University laws stifle academic dissent

December 10, 1999

Gillian Sandford reports from Belgrade on the suppression of democracy

A series of repressive Serbian university laws has shifted the balance of administrative power from academics to government representatives.

By last year, the regime had achieved a stranglehold on universities and research institutes. "Not a trace of democracy remained," said molecular physicist Milan Kurepa of the Serbian Academy of Science and Art.

Several academics have participated in and led protests against the regime of Yugoslav president Slobodan Milosevic. But such activities have become difficult over the past ten years. "From the beginning of the Milosevic era the nut tightened," said Dr Kurepa.

The 1998 university law in particular cowed many professors. They no longer lead nor support student demonstrations and schedule lectures as normal so that students who attend the demonstration miss them.

Although several thousand Belgrade University students joined a rally organised by Otpor, the students' resistance movement, last month, most went to lectures.

One student said: "We don't support the demonstration because it's not possible to succeed and we will lose the year in the university."

Another said: "It's better to finish our faculty studies and go somewhere abroad."

Among opposition figures is Milan St Protic, president of the intellectual group Odbrana (Defence) and a historian at the Belgrade Institute for Balkan Studies.

He is critical of the whole structure of education, citing promotion of academics on the basis of party loyalty. He alleges the regime has lowered the standard for university entrance to keep youngsters occupied and stem potential political action.

"Milosevic has destroyed the intellectual potential of this country," said Professor St Protic.

Dr Kurepa claims that university activists were the first to call for the resignation of President Milosevic. A university law was introduced a year after student demonstrations in March 1991.

"It took us four years to work out how to do something without breaching the 1992 law. In 1996 we managed to organise another demonstration," he said.

The demonstrations of the winter of 1996-97 were the largest student protests ever seen in Serbia, sparked by the authorities' failure to recognise opposition success in local elections.

The regime conceded defeat but when the opposition party leadership collapsed and the demonstrations ended after four months, President Milosevic moved on the dissidents.

He curbed academic freedom more tightly, dividing staff by forcing them to sign personal contracts that were seen as loyalty pledges.
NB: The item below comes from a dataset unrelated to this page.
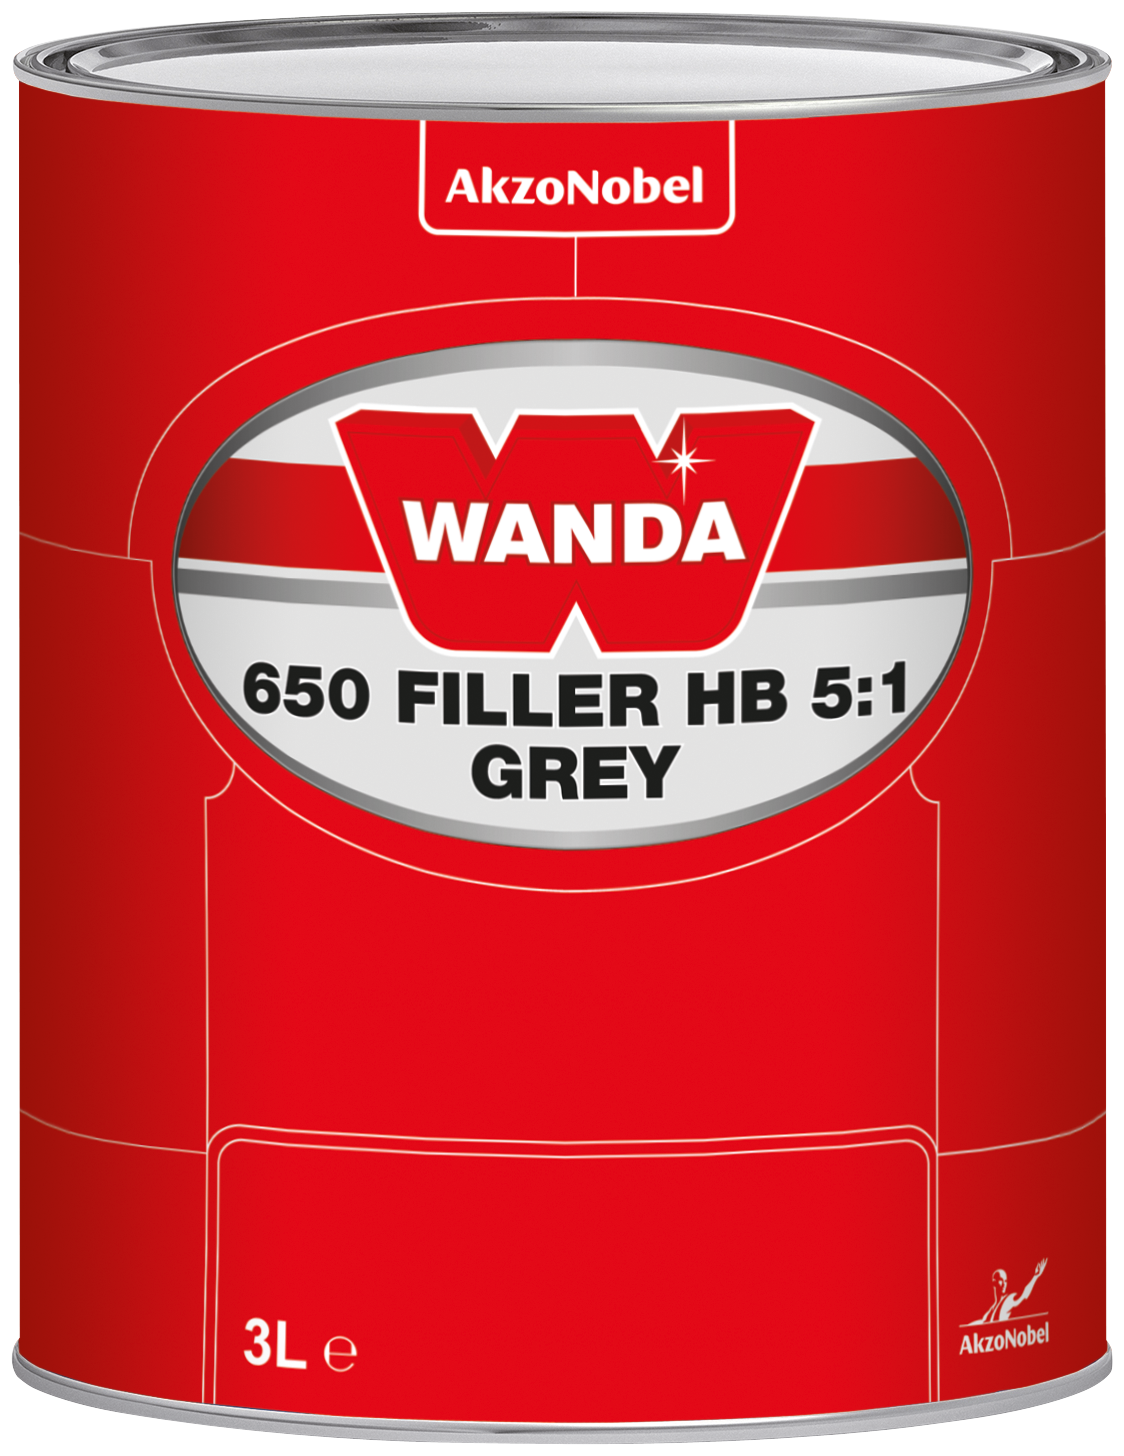 wan_650-filler-hb-51-grey_3l

In Belgrade, an estimated 50 refused to sign. Twenty left the institutions and a further 30 were fired.

The authorities exercise tight control over university management and curricula. Rector, vice-rectors and student vice-rectors all have to be loyal members of the Serbian Socialist Party, the Yugoslav United Left or the Serbian Radical Party, the third coalition partner. They appoint university professors and deans.

The contracts staff were required to sign were riddled with loopholes, failing to give clear details on wages, holidays or security of tenure and even suggesting that staff could be arbitrarily shifted to a different university. They also forbade strikes.

Stasa Babic, an archaeologist at Belgrade University, said her response was:

"I'm not going to sign because I'm not going to sign my support for a regime that ordered the shelling of Sarajevo."